*** RAW DATA
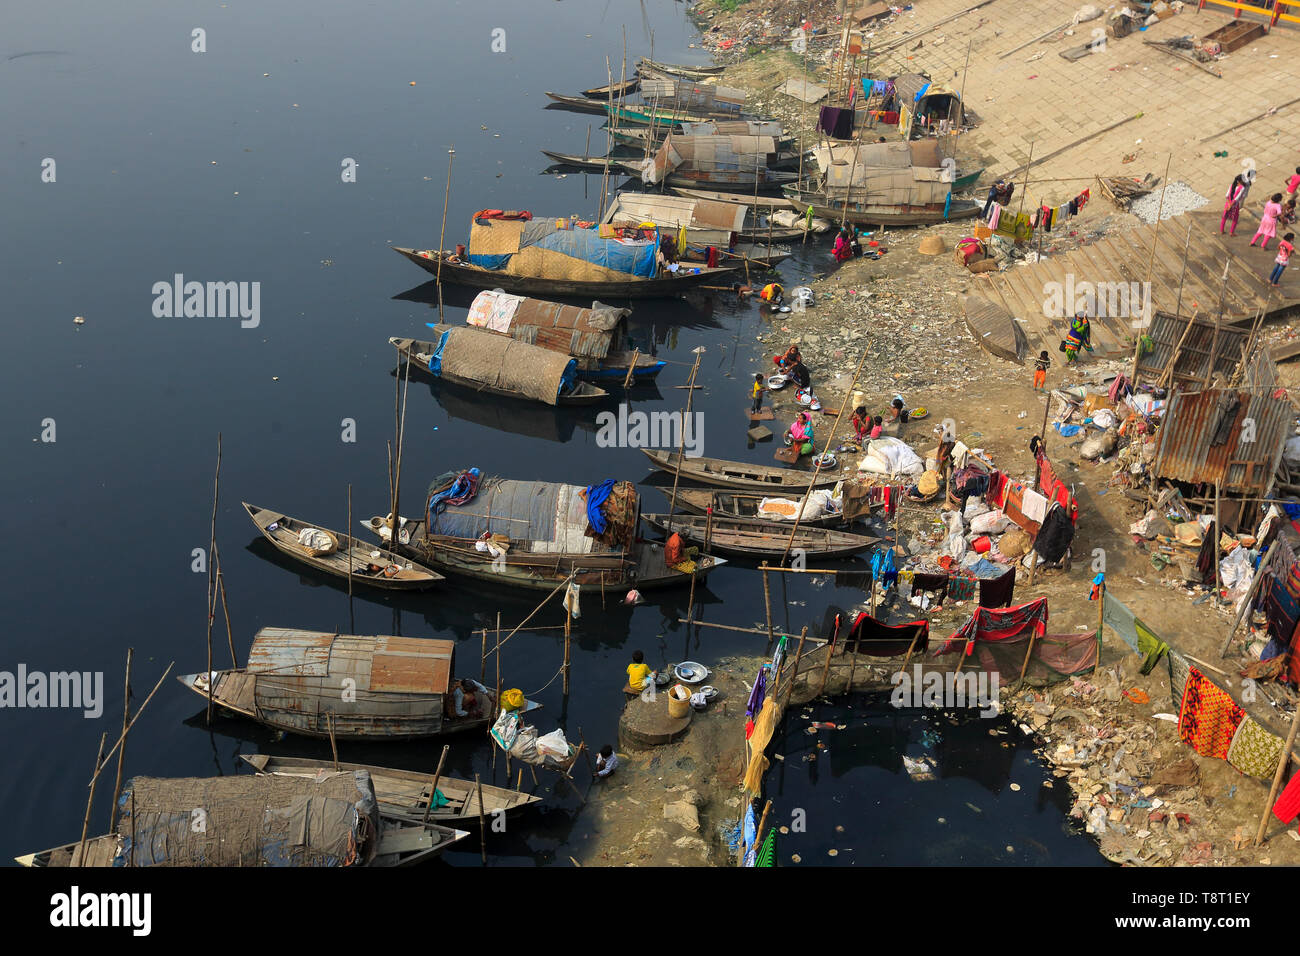 Femmes gitanes et les filles, qui vivent sur les bateaux, faire tout le nettoyage domestique dans le pitch-dark, l'eau polluée de la rivière Turag à Tongi à Gazipur. Banque D'Images
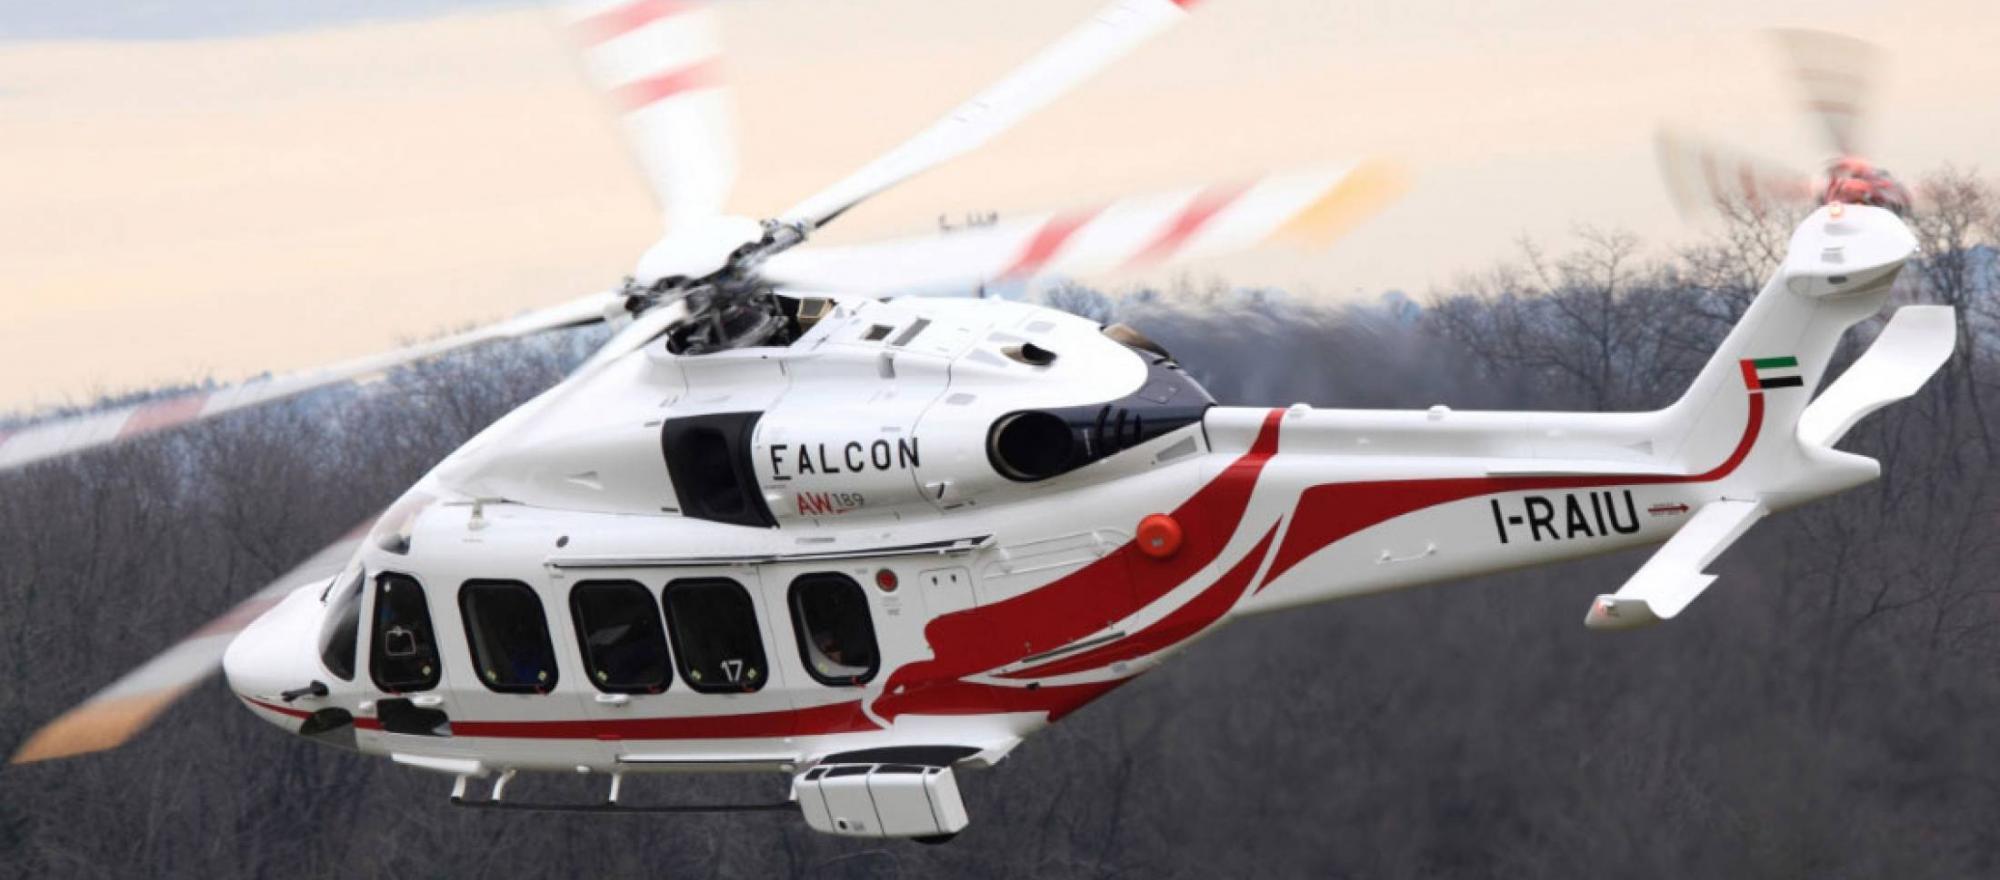 Leonardo Helicopters Logo - Leonardo Helicopters | Business Jet Traveler
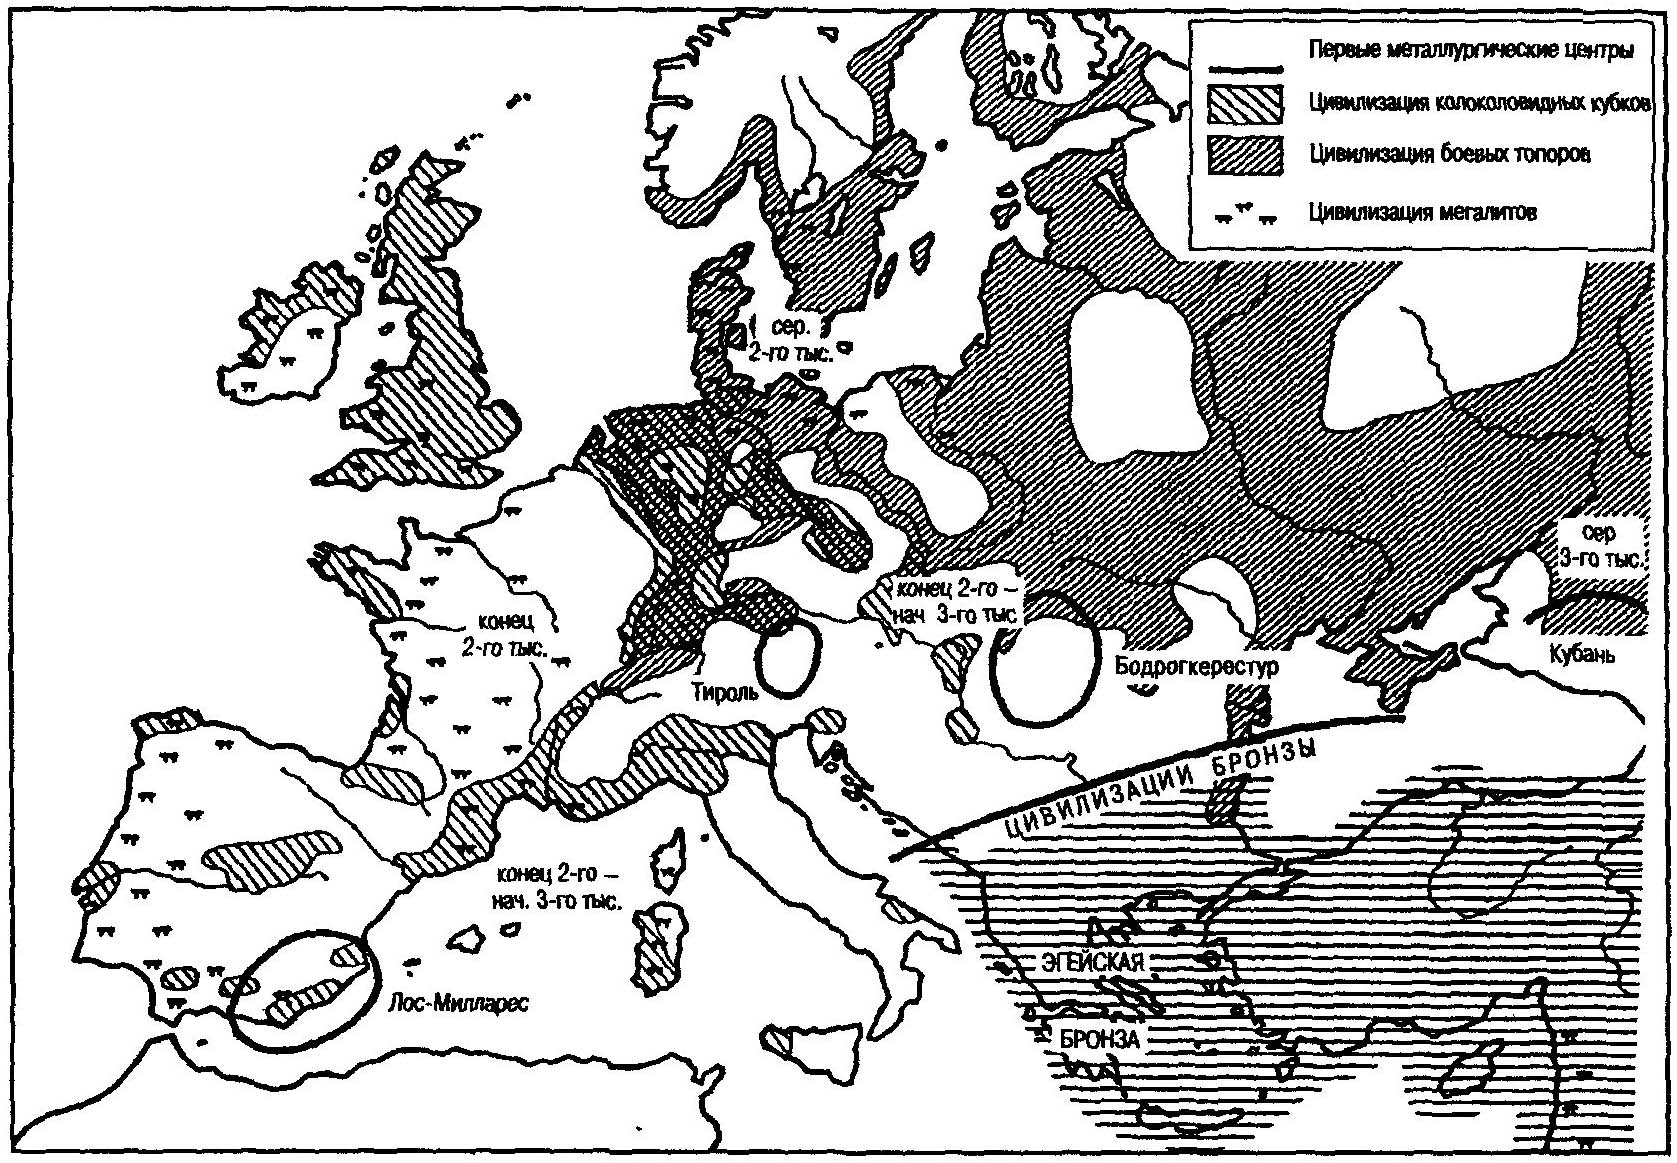 Появление металла в Европе. Халколит, зоны цивилизаций колоковидных кубков и боевых топоров
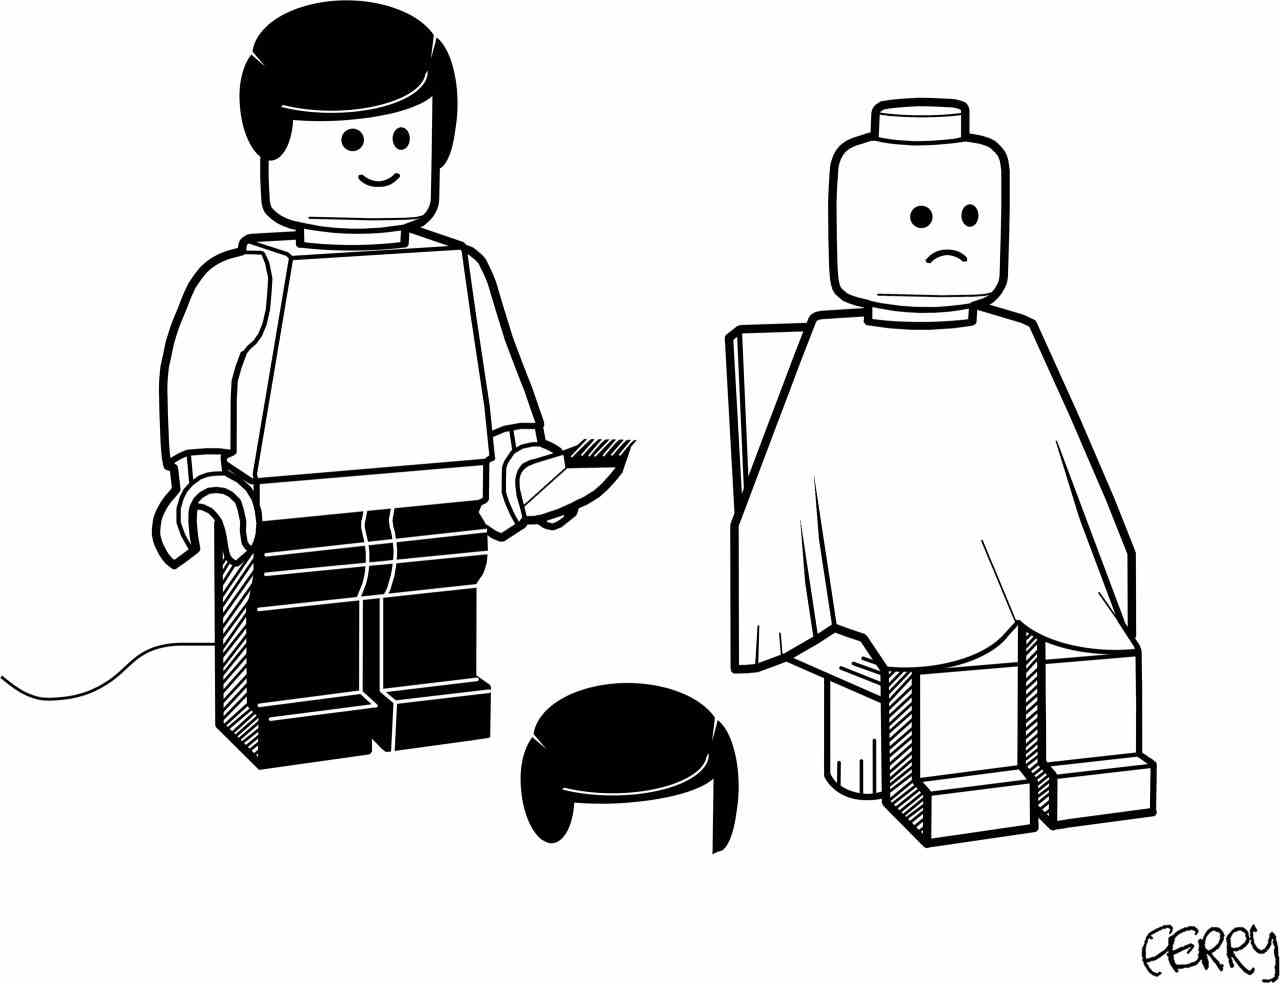 Lego-Person verärgert, weil Friseur ihr Lego-Haarteil abrasiert hat.
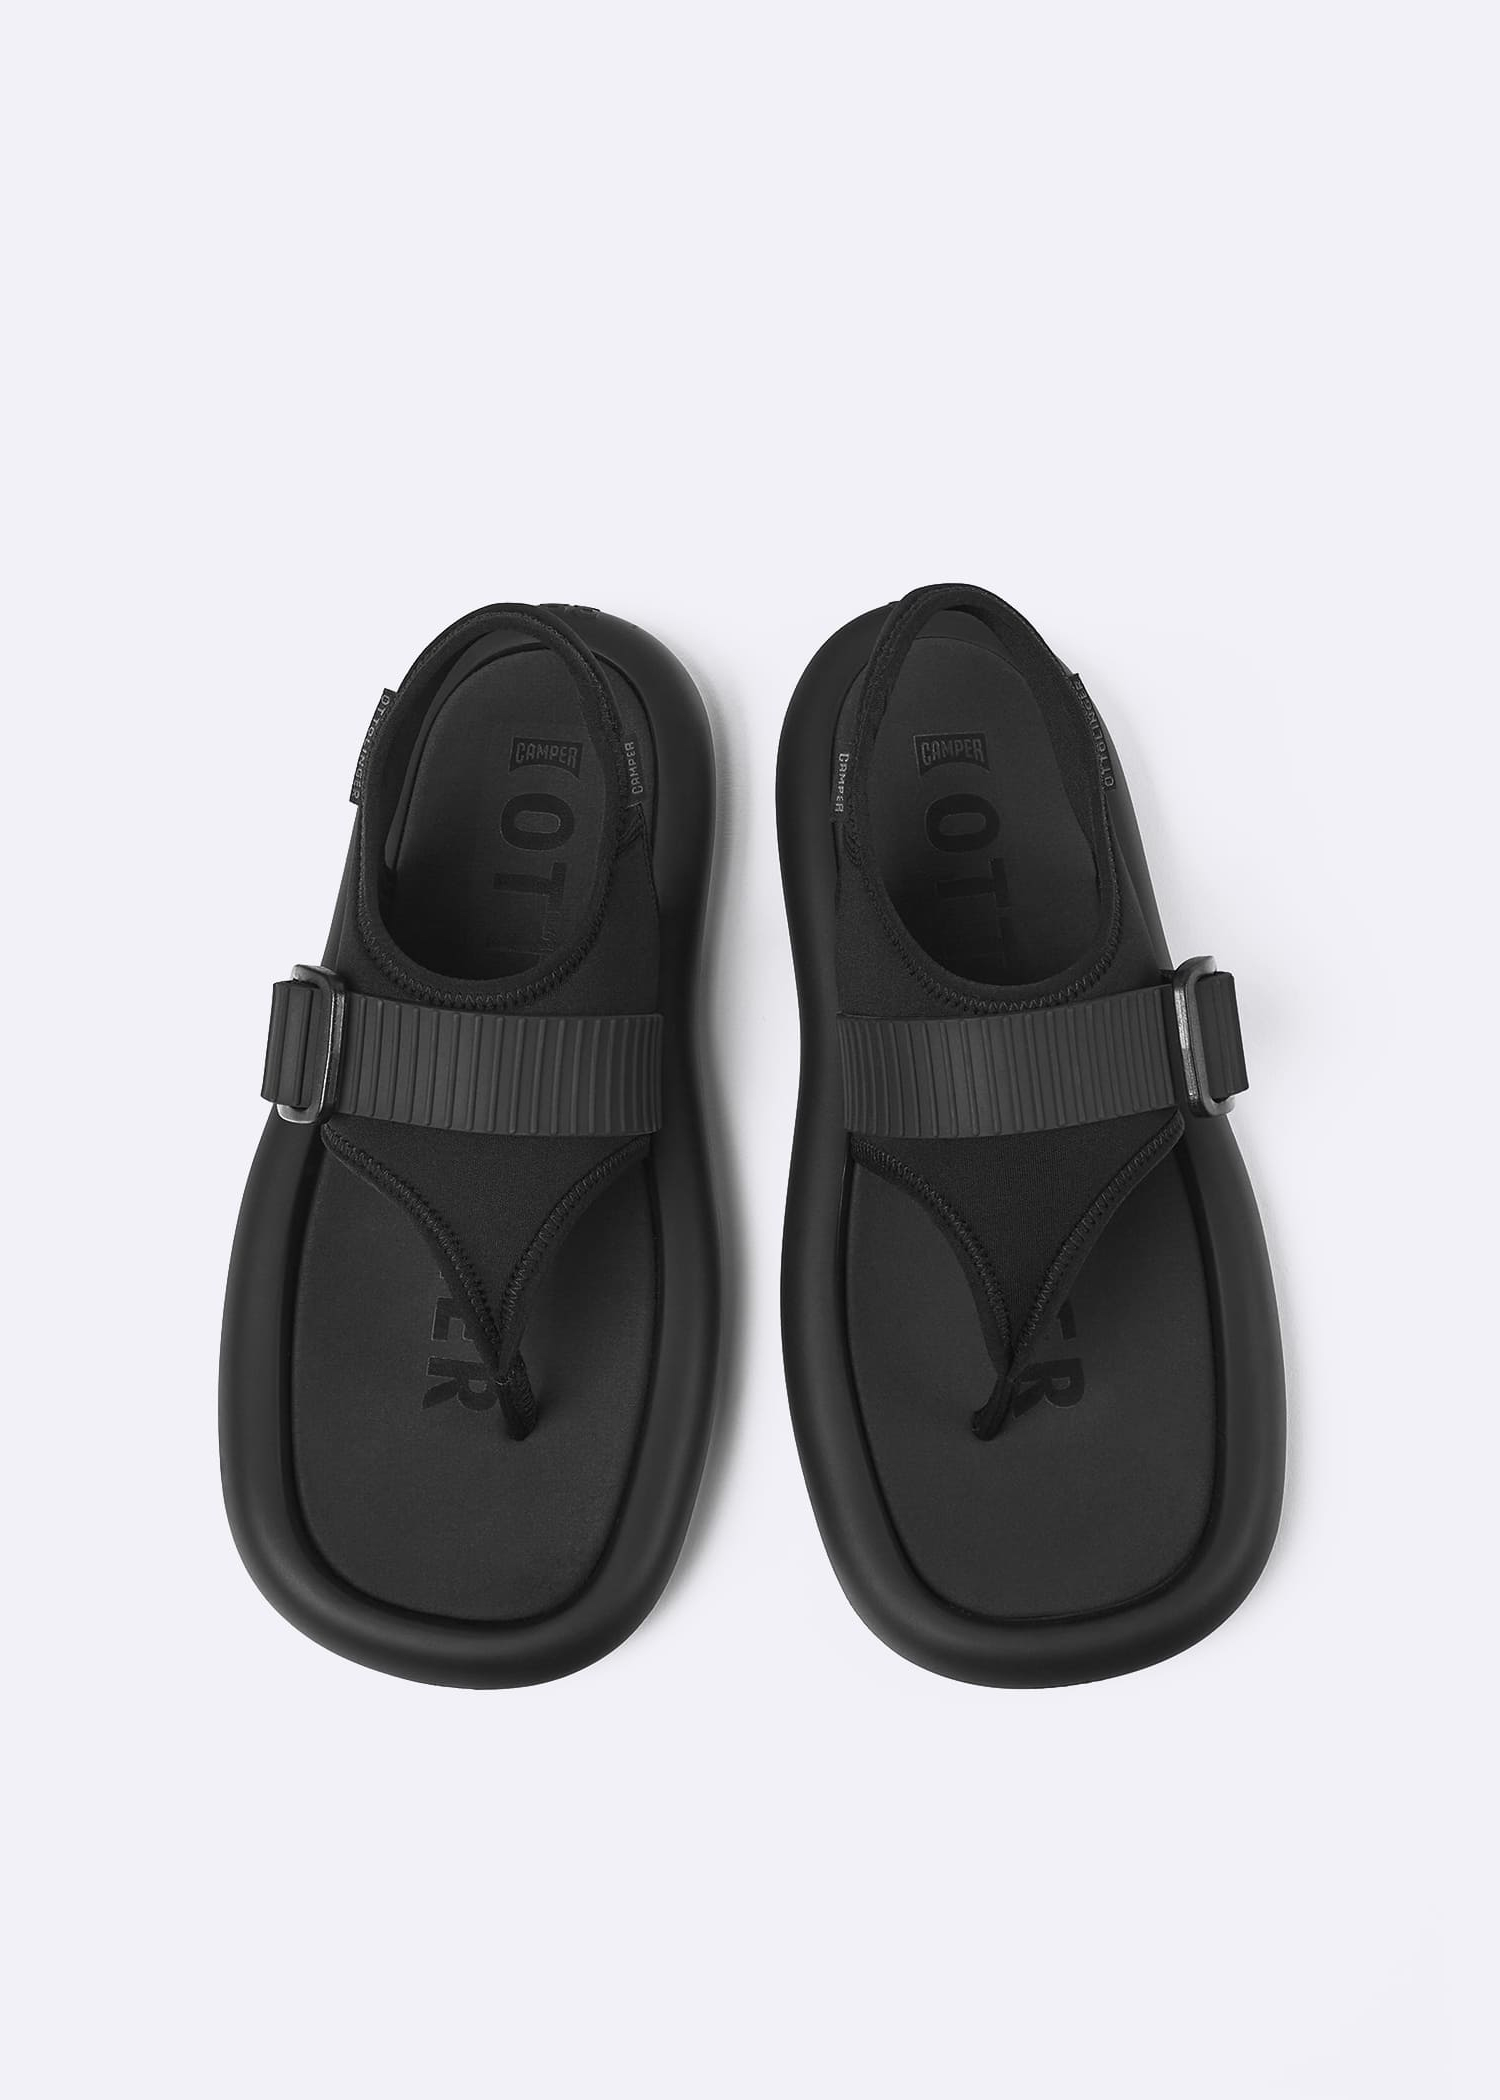 Ottolinger X Camper Aqua Sandals
******
■ DIRECTIONS FOR THIS TASK
The data must be repeated exactly. Any pictures in it are to be left out.

■ YOUR SOLUTION
 Femmes gitanes et les filles, qui vivent sur les bateaux, faire tout le nettoyage domestique dans le pitch-dark, l'eau polluée de la rivière Turag à Tongi à Gazipur. Banque D'Images
 Leonardo Helicopters Logo - Leonardo Helicopters | Business Jet Traveler
 Появление металла в Европе. Халколит, зоны цивилизаций колоковидных кубков и боевых топоров
 Lego-Person verärgert, weil Friseur ihr Lego-Haarteil abrasiert hat.
 Ottolinger X Camper Aqua Sandals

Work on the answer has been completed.